The current annual growth rate of mobile traffic is about 70%. One important lever to cope with this demand is increasing spectral efficiency by deploying advanced network technologies. The spectral efficiency in cellular systems is limited by interference from neighboring cells. Inter-cell interference, in systems with independent base stations can only be avoided by increasing the distance at which the frequency is reused. As a result, scarce and expensive resources are wasted as frequency bands are not reused in every cell. Since inter-cell interference particularly impairs communications of users located at cell edges, it also prevents ubiquitous quality of service which to provide is another main objective of mobile operators.

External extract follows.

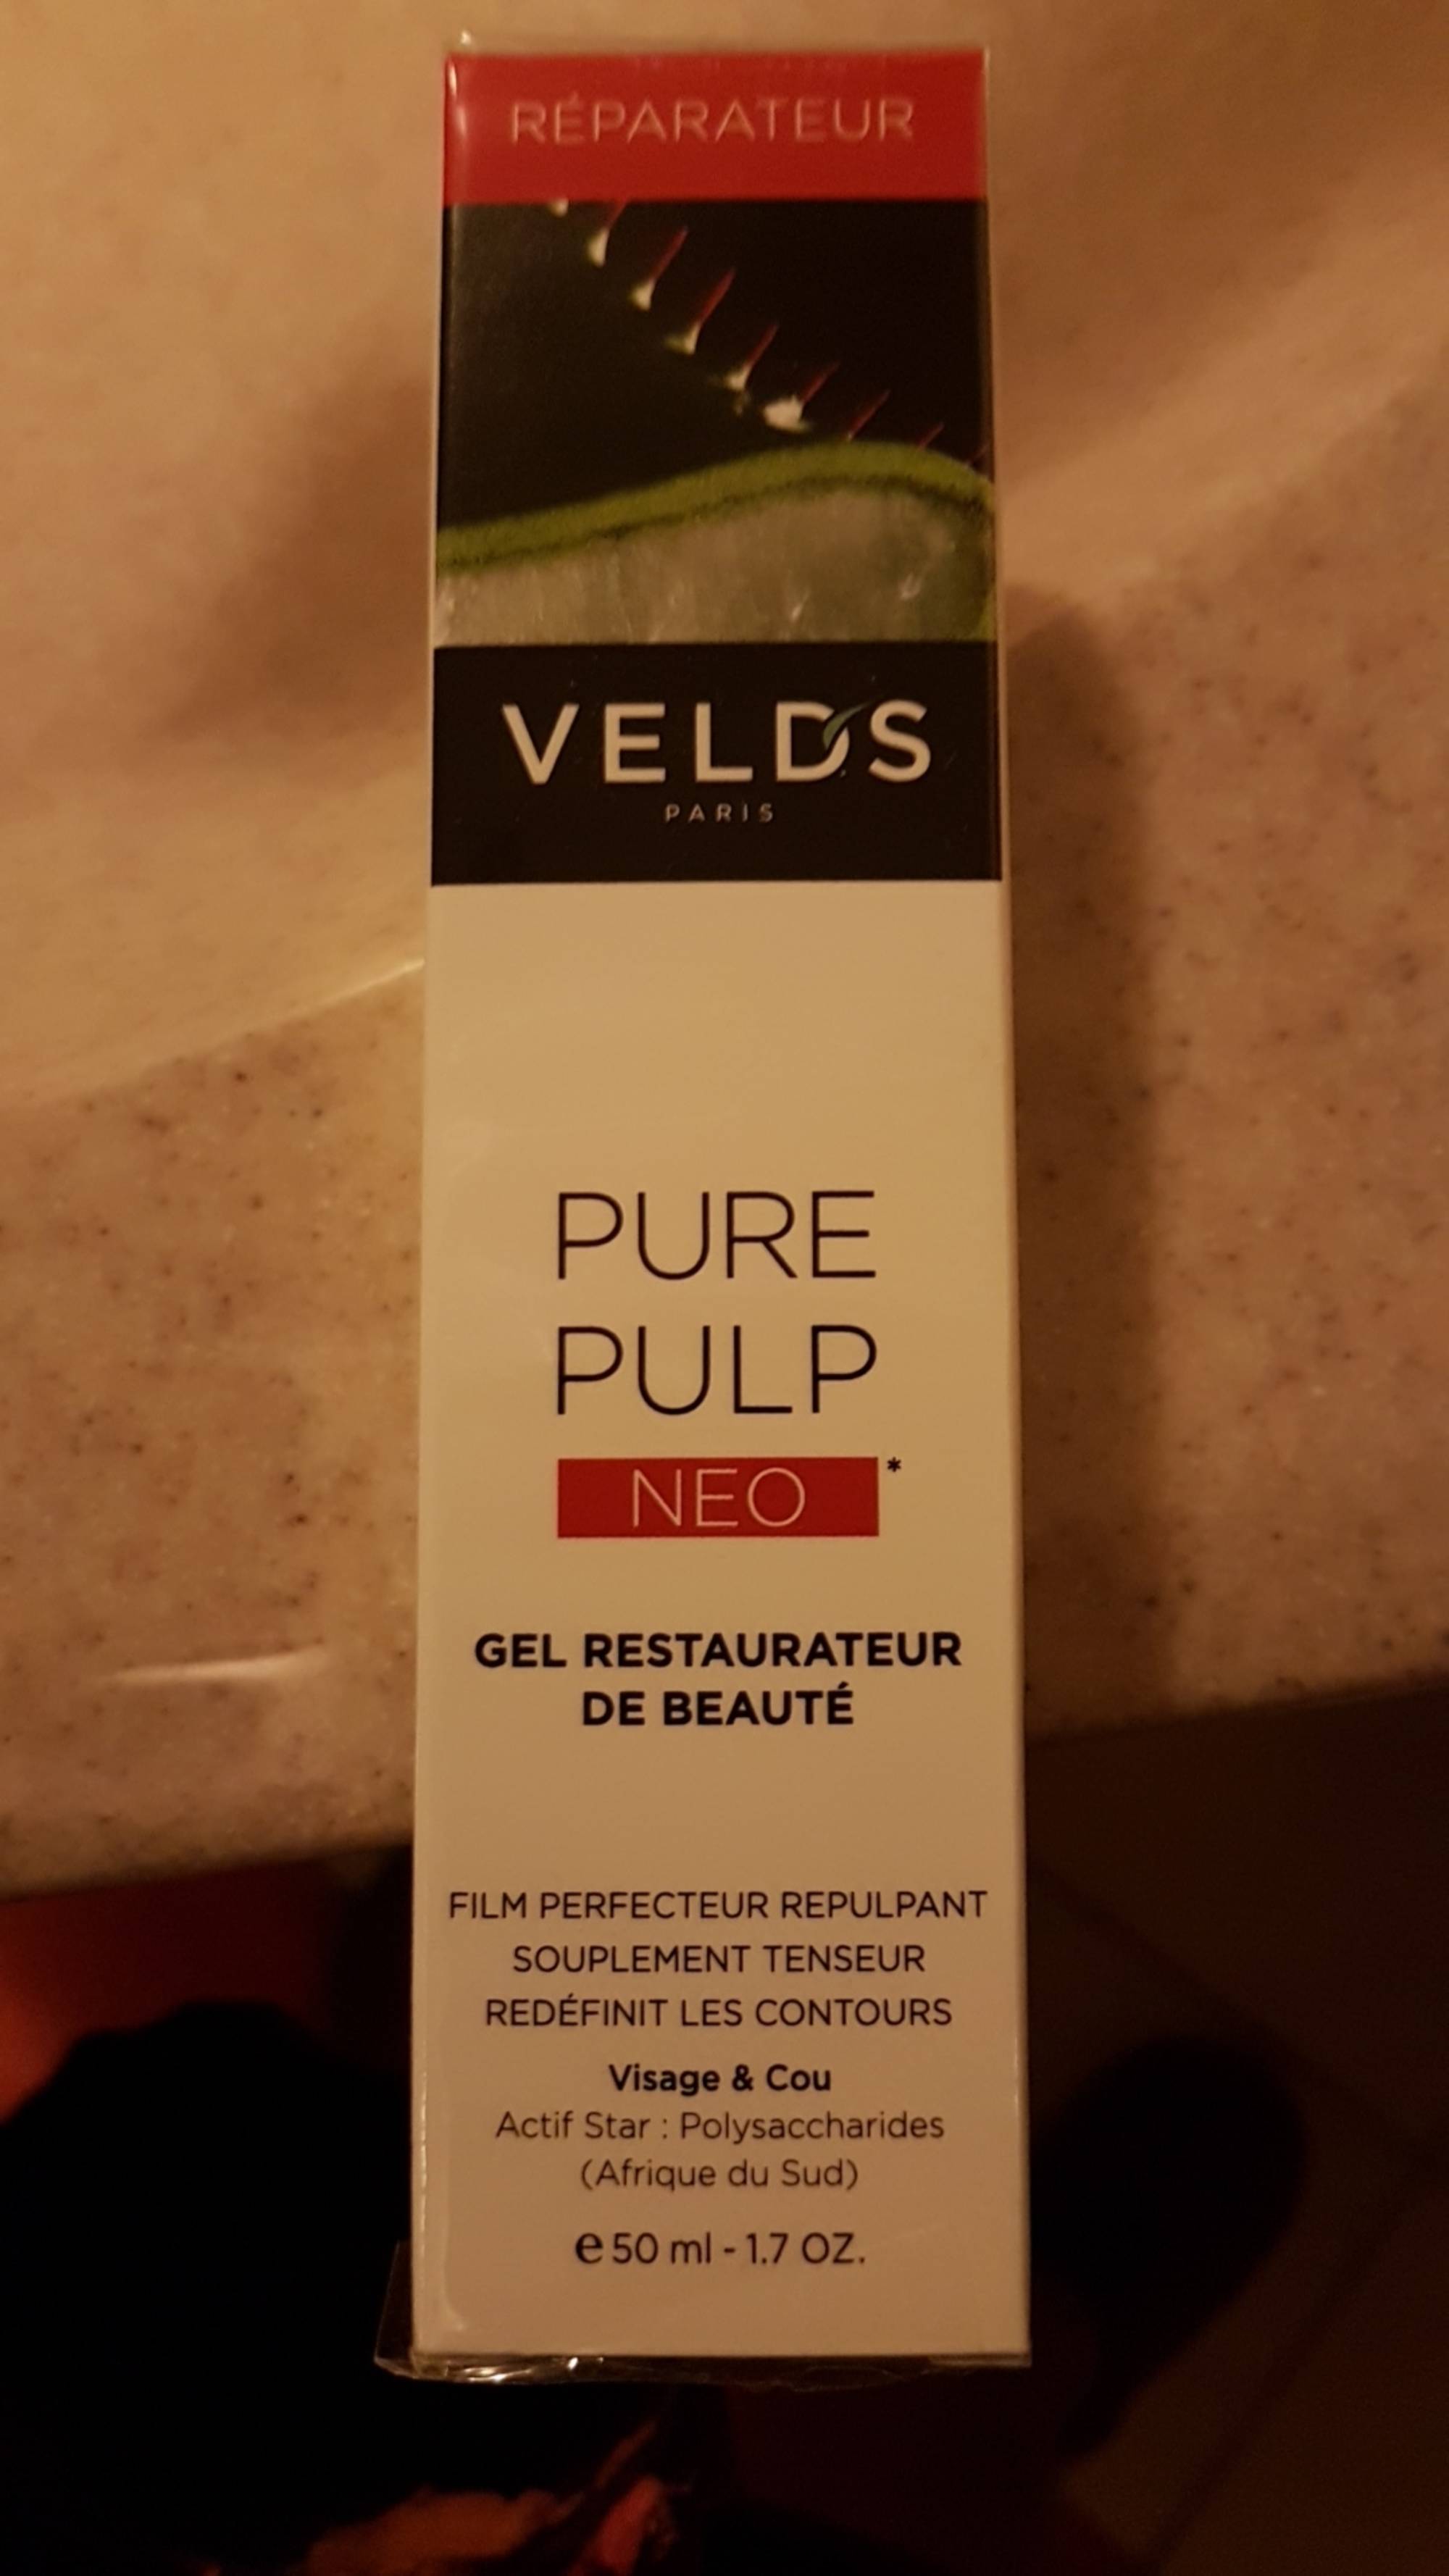 VELD'S - Pure pulp neo - Gel restaurateur de beauté

It has been known for quite some time that cooperation among base stations potentially provides a means to solve the interference problem. A very powerful form of cooperation is the joint application of multi-antenna techniques at multiple base stations (in the cellular uplink referred to as joint detection). The benefit of joint detection is backed by a lot of promising theoretic results. However, the models used in this research oversimplify the complex cell coupling and other challenges in the implementation, such as hardware impairments, synchronization, and reliable control signaling. Consequently, they cannot be used for a credible assessment of communications performance in realistic cellular networks. The major testing ground during the standardization of communications methods are sophisticated system level simulations which have, in the past, however, occasionally failed to meet their purpose of accurate performance assessment. Consequently, industry players are cautious about embracing innovations that require costly upgrades of the cellular infrastructure. In order to bring innovations into the communications standards, system complexity and performance need to be assessed under real-world conditions, and simulation studies have to be accompanied by field trials that prove the maturity of a concept and provide reference data.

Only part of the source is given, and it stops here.